**TASK GOAL:**
Only one stretch of the data below is wanted: the lines from the one with "RYA start yachting" through the one with "Футболка женская c", repeated exactly.

**DATA FOR THE TASK:**
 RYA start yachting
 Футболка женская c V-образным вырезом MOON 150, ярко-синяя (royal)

...

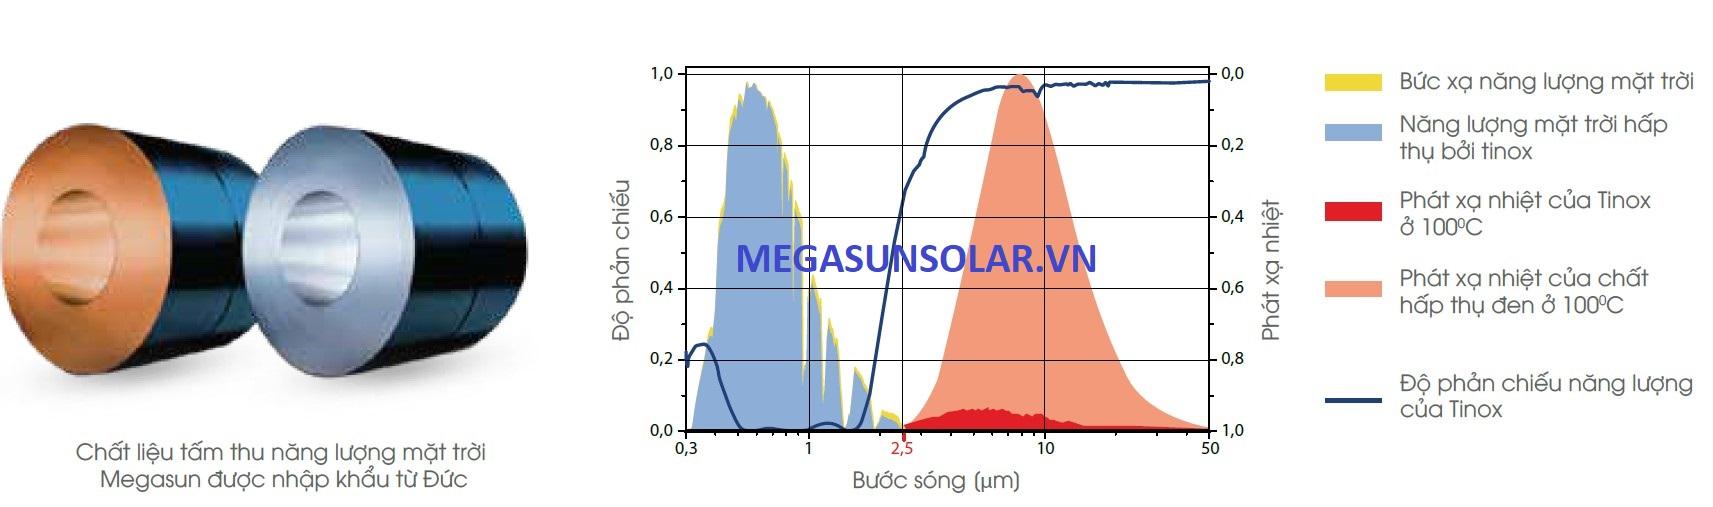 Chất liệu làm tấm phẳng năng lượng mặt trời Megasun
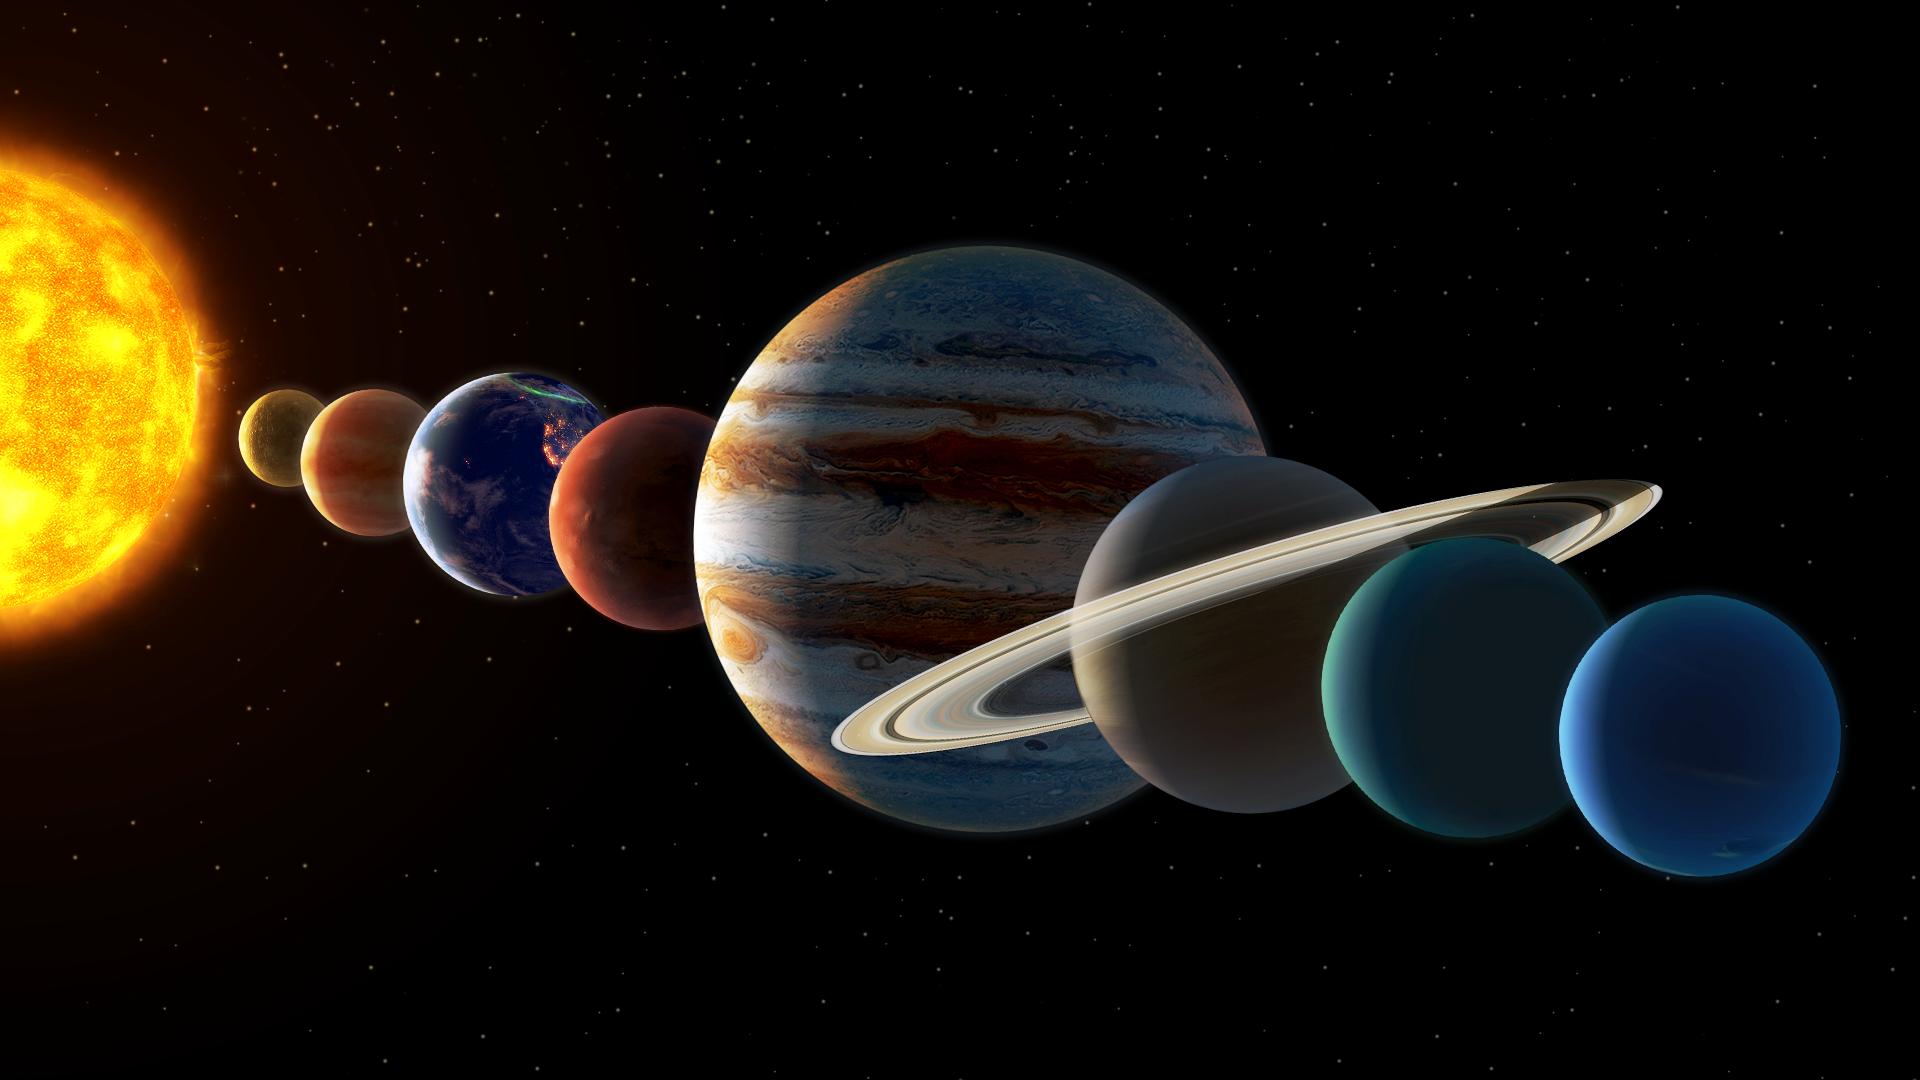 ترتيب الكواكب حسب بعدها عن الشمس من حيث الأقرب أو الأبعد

**EXERCISE SOLUTION:**
 RYA start yachting
 Футболка женская c V-образным вырезом MOON 150, ярко-синяя (royal)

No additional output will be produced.